With ideal photographic tone reproduction in the final positive image, whether a print or diapositive, the differences in D for any two details should be such that the ratio of brightnesses in the subject and the image are identical under identical conditions of examination. Such tone reproduction is effected only if the entire sequence of conversions is linear and if the range in which the conversions take place is unlimited. The entire sequence includes the conversions of the set of brightnesses to the set of illuminations on the negative emulsion and, subsequently, to negative blackening, illumination on the positive emulsion, positive blackening, and so on, to the set of blackenings on duplicates or the set of illuminations on a viewing screen. In practice, however, all the stages of the photographic process are more or less nonlinear and are limited in range. For example, the characteristic curve of the photosensitive emulsion is always nonlinear, and its exposure latitude is limited and insignificant, even compared to the complete range of transmitted exposures.

Tone reproduction is complicated even more if the image is evaluated visually, rather than by means of objectively measured characteristics.
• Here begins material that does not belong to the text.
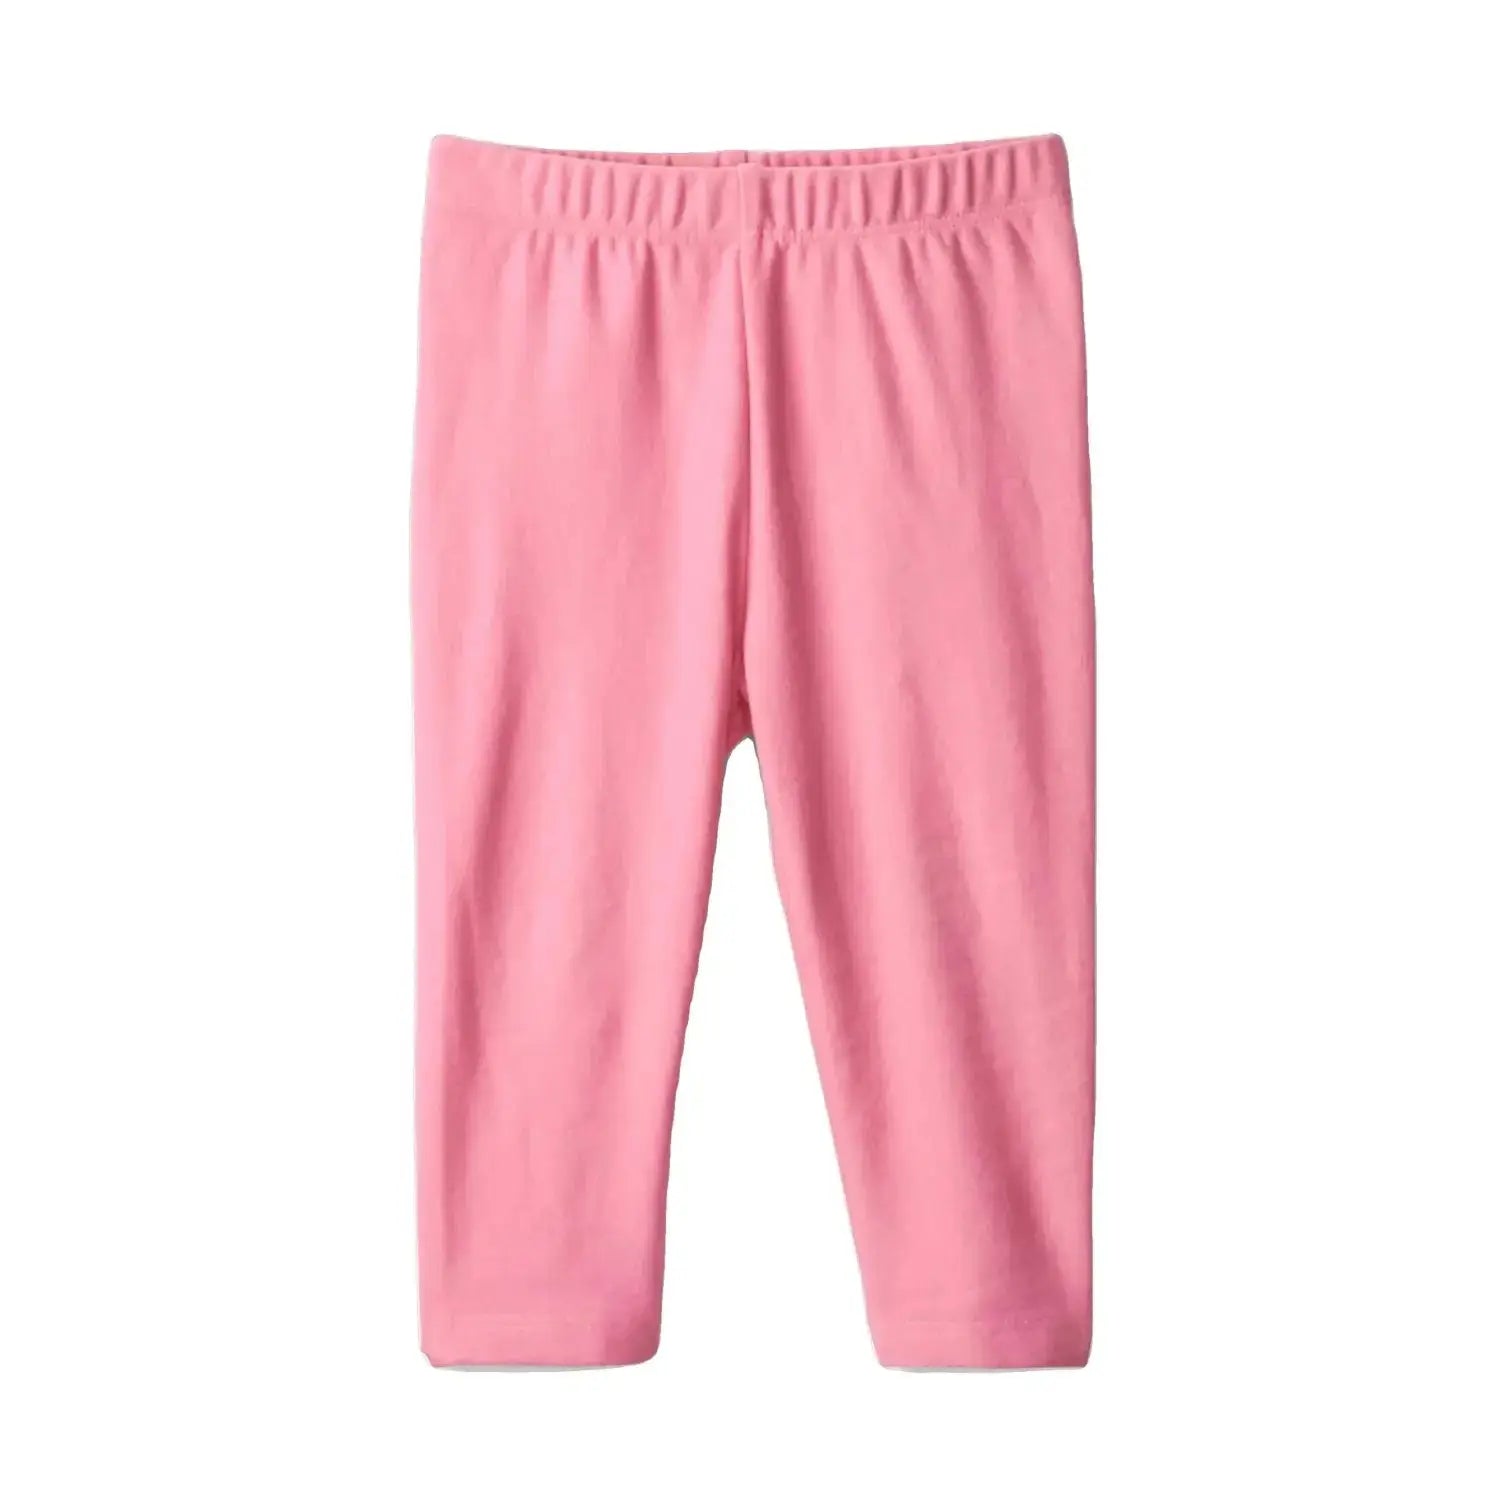 Hatley Baby Pink Cozy Leggings, Sachet Pink, front view 
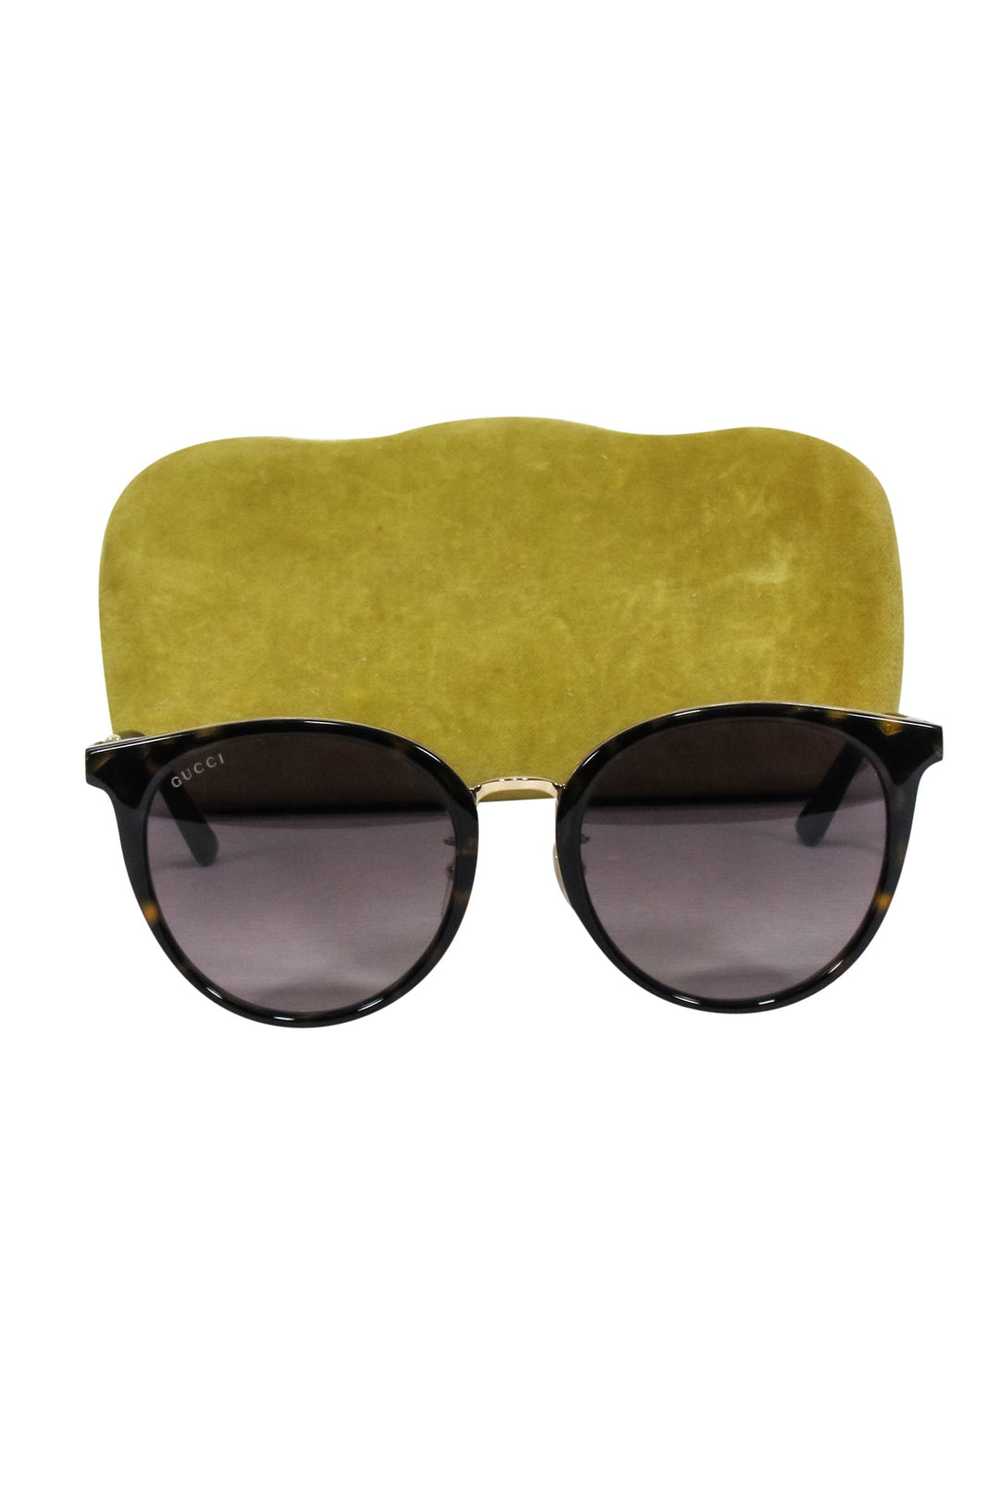 Gucci - Brown Tortoise Oversized Round Sunglasses - image 2

In this case, the number of distorting factors is increased to include the characteristics of the eye as a receiver, which may evaluate the same set of values of B differently, depending on the size of the details, the various illumination levels of the image and the subject, and uneven darkening in the room used for examination. As a result, the basic problems in the theory of tone reproduction are no longer seen as the determination of conditions for ideal tone reproduction. Rather, by necessity, they have gradually been reformulated as the determination of conditions under which tone reproduction is still satisfactory for the possible wider range of values B as the analysis of how to reproduce a given subject photographically with the smallest degree of distortion of the differences in B, and as the determination of quantitative estimates of such distortion.